THE PROBLEM —
Your task is to copy the stretch of lines in the records below that begins with the line containing "Hiking Trail with" and ends with the line containing "Leave the stress", exactly as written, with nothing added.

(Data entries)

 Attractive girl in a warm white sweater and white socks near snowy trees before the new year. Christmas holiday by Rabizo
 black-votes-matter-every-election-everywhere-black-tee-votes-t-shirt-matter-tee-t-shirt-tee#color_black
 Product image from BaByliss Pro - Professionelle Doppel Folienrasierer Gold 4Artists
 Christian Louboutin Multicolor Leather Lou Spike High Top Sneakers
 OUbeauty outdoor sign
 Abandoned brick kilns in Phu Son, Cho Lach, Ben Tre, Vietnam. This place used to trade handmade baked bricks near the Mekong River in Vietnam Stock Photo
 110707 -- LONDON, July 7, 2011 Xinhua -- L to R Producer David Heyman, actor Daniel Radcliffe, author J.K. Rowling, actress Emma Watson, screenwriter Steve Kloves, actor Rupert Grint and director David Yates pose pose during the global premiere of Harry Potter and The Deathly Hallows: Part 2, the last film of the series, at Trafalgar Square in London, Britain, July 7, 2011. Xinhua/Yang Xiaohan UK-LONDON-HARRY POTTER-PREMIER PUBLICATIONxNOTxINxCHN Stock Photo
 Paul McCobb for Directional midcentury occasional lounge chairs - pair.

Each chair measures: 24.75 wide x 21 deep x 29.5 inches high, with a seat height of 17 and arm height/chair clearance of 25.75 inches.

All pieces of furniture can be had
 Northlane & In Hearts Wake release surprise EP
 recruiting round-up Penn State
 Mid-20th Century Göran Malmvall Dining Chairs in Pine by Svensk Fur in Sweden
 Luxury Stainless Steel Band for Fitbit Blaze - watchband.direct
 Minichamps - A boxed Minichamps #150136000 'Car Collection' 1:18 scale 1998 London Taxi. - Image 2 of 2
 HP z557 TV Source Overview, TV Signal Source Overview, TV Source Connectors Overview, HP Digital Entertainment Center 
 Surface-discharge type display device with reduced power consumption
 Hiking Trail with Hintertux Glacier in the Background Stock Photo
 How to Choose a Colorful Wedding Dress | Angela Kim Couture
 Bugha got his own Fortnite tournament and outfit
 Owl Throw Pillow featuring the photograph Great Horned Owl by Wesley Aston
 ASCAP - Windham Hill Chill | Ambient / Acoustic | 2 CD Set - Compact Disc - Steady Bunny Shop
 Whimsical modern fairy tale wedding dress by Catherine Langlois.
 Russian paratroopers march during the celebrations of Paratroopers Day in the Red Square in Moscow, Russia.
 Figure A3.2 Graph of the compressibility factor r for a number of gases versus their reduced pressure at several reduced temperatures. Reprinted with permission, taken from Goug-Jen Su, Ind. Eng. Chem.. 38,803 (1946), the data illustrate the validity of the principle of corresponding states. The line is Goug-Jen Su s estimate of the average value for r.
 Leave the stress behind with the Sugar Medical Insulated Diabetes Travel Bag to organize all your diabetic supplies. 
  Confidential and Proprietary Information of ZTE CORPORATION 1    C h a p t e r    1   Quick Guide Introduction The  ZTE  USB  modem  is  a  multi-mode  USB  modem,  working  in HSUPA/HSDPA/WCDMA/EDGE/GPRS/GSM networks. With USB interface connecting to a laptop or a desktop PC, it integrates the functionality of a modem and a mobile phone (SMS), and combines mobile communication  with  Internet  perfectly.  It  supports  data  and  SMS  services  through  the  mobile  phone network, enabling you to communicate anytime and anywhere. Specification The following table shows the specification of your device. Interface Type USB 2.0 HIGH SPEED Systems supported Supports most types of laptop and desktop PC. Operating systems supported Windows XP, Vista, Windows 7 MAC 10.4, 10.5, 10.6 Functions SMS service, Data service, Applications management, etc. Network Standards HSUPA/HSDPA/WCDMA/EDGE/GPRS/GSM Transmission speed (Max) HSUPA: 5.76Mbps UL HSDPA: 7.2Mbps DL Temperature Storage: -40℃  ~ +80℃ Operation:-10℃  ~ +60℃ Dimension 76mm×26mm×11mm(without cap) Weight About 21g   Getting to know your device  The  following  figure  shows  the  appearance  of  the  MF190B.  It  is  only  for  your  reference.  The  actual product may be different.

TASK RESULT —
 Hiking Trail with Hintertux Glacier in the Background Stock Photo
 How to Choose a Colorful Wedding Dress | Angela Kim Couture
 Bugha got his own Fortnite tournament and outfit
 Owl Throw Pillow featuring the photograph Great Horned Owl by Wesley Aston
 ASCAP - Windham Hill Chill | Ambient / Acoustic | 2 CD Set - Compact Disc - Steady Bunny Shop
 Whimsical modern fairy tale wedding dress by Catherine Langlois.
 Russian paratroopers march during the celebrations of Paratroopers Day in the Red Square in Moscow, Russia.
 Figure A3.2 Graph of the compressibility factor r for a number of gases versus their reduced pressure at several reduced temperatures. Reprinted with permission, taken from Goug-Jen Su, Ind. Eng. Chem.. 38,803 (1946), the data illustrate the validity of the principle of corresponding states. The line is Goug-Jen Su s estimate of the average value for r.
 Leave the stress behind with the Sugar Medical Insulated Diabetes Travel Bag to organize all your diabetic supplies. 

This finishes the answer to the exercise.